The funny part? Jarek commented below: “Looking at it with 🍿”
Definitely the most nerve-wracking yet satisfying PR so far!
Being a committer ≠ fully understanding the entire project. Personally, I’d say my current understanding of Airflow is only about 15%.
(So far, I’m most familiar with API server, Task Log, Auth Manager, Executor, and Kubernetes Tests.)

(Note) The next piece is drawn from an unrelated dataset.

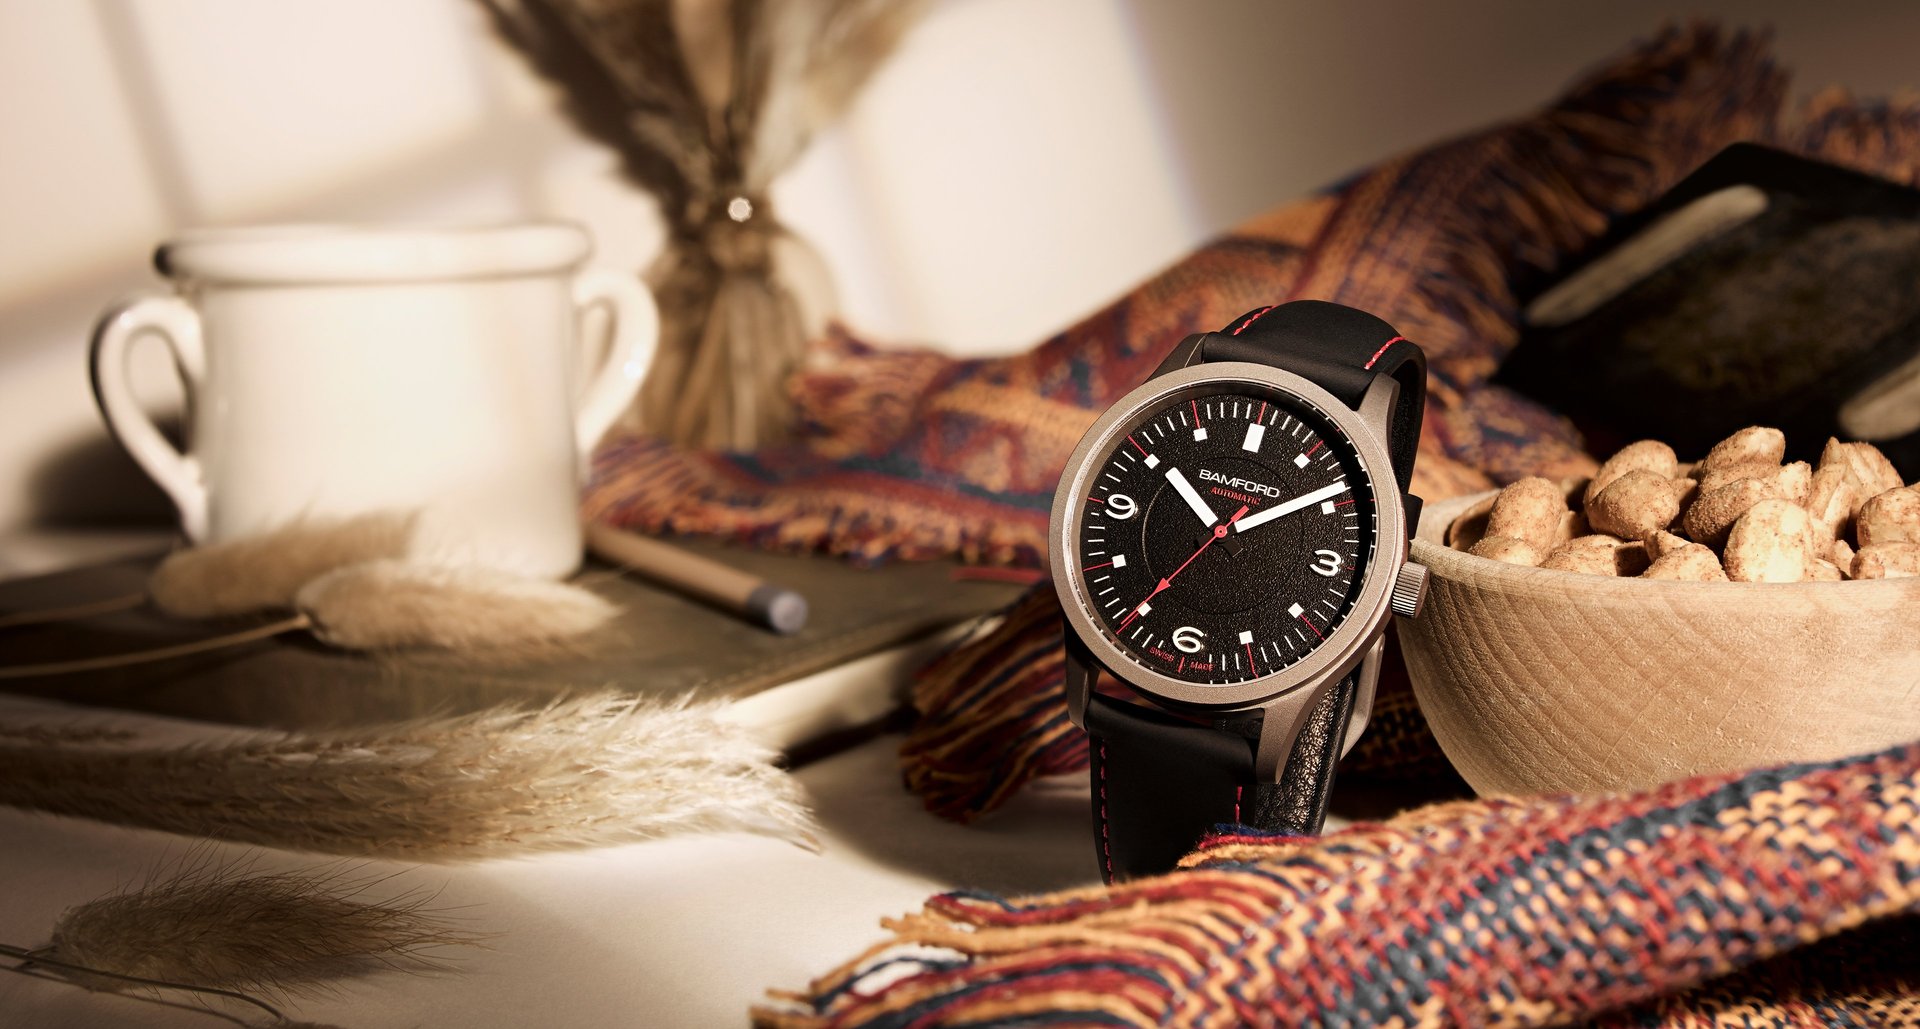 Introducing The Bamford B80 Titanium Field Watch Collection

There are still many core Airflow features I need to dive deeper into, such as Scheduler, Trigger, Pool, and TaskSDK (a new feature in Airflow 3.0), which are still quite unfamiliar to me.
Previously, I focused more on solving issues and spent relatively less time reviewing PRs.
Moving forward, I plan to review more PRs, including ones outside my expertise, so I can explore related contexts while reviewing.
Join the Fun: “Let’s Contribute to Apache Airflow!”#
If you’re interested in Python, Data Engineering, and want to start contributing to a world-class open-source project, but you’re worried about complex setups or needing a high-end computer,
Why not try contributing to Apache Airflow?
Apache Airflow offers an excellent developer experience. I never expected an open-source project to have a dedicated CLI just to make life easier for contributors and CI!
With this CLI, you can effortlessly run unit tests, integration tests, Kubernetes tests, or even spin up an Airflow system with different executors.
It also has an incredibly robust CI system. There are over 100 pre-commit hooks, covering everything from basic linting and type checking to generating documentation, ERDs, and frontend API services— all designed to maintain high PR quality.
The pre-commit hooks that automatically run during git commit. Even the Available pre-commit checks documentation is automatically updated by one of the pre-commit hooks!
The project also has well-defined GitHub Labels, with over 250 labels to help categorize different issues efficiently.
~And, of course, plenty of fun memes~
Overall, I’d say Apache Airflow is an incredibly beginner-friendly open-source project!
Lee-W, for patiently reviewing PRs, adding labels, and re-triggering CI runs. Also, for sharing new issues in the OpenSource4You Slack channel.
Jarek, for always providing insightful feedback that improves PRs. Often the first to respond online (seemingly 24/7!), and for inviting me as a committer—thank you!
Pierre Jeambrun, for reviewing countless API-related PRs (probably over 40!) and helping debug strange test failures.
Chia-Ping Tsai, founder of @opensource4you. Without this community, I wouldn’t have imagined being able to contribute to a global open-source project from Taiwan. It gave me the courage to jump in and start contributing!
I truly understand now what @Lee-W meant by: “A developer who gets code reviews is living the dream.”
“A developer who gets code reviews is living the dream.”
Without the support of these amazing people, my open-source journey wouldn’t have been this smooth!